Cut the cooled sheet into shapes like suns, stars, or simple circles, then punch a hole at the top and hang them in a window with a piece of string.
7. Pressed Flower Bookmarks

Summer is the best time to collect flowers, and pressing them turns a simple walk outside into the start of a real craft project. Grab some heavy books, parchment paper, and whatever blooms your kids can find — clover, dandelions, and small wildflowers all work great.
Lay the flowers between two sheets of parchment, slide them inside a thick book, and stack more books on top. Leave them for about a week until they’re completely flat and dry.
Once the flowers are ready, cut cardstock into bookmark-sized strips and glue the pressed flowers down with a thin layer of Mod Podge. Brush another coat over the top to seal everything and give it a slight shine.
8. Cardboard Box Fairy Houses

Grab a shoebox or small cereal box and let kids go wild turning it into a tiny fairy home. Cut out arched doorways, add popsicle stick window frames, and paint the whole thing in mossy greens and earthy browns.
Bits of twigs, dried leaves, and pebbles from the backyard make great outdoor details stuck on with a hot glue gun (a grown-up job).
Kids can tear small pieces of tissue paper and Mod Podge them onto the roof to mimic shingles or flower petals. The layering dries surprisingly fast in summer heat.
9. Yarn Wrapped Popsicle Stick Bracelets

Popsicle sticks bend slightly when soaked in warm water for about ten minutes, which is all you need to curve them into a wrist-sized bracelet shape.
Let them dry completely in a curved position — a small glass or jar works great for holding the shape overnight.
Once dry, kids wrap the stick tightly with colorful yarn from one end to the other, switching colors whenever they want stripes or patterns.

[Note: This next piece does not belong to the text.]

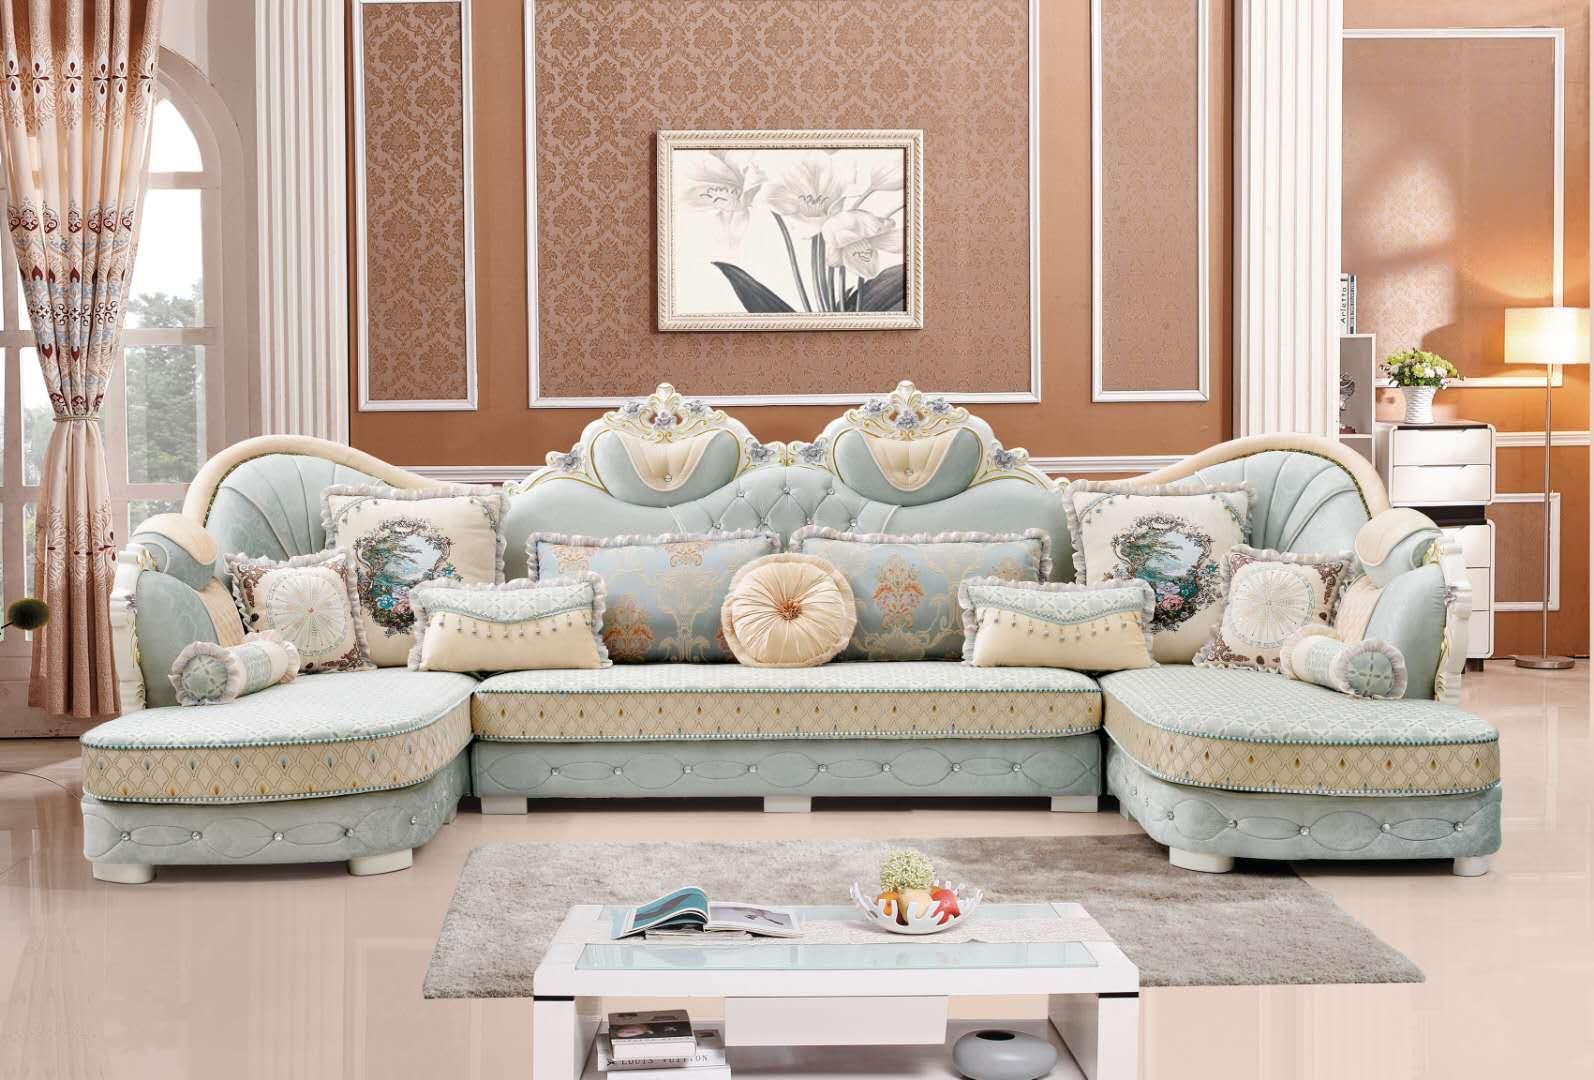 欧式沙发风格小户型客厅组合现代简约沙发实木整装家具

A small dot of craft glue at the start and finish keeps everything secure.
Embroidery floss works just as well as yarn and gives the bracelet a thinner, friendship-bracelet look that older kids tend to love.
10. Leaf Print Tote Bags

Grab a plain canvas tote bag, some acrylic paint, and a handful of leaves from the backyard — that’s really all you need. Press a leaf paint-side down onto the bag, press firmly, then peel it back slowly to reveal the print.
Different leaves give wildly different results. Maple leaves make bold, recognizable shapes, while fern fronds create delicate, feathery patterns that look almost fancy.
Let kids layer colors and overlap prints to fill the whole bag. Once the paint dries, it’s actually usable — great for carrying library books or beach snacks for the rest of the summer.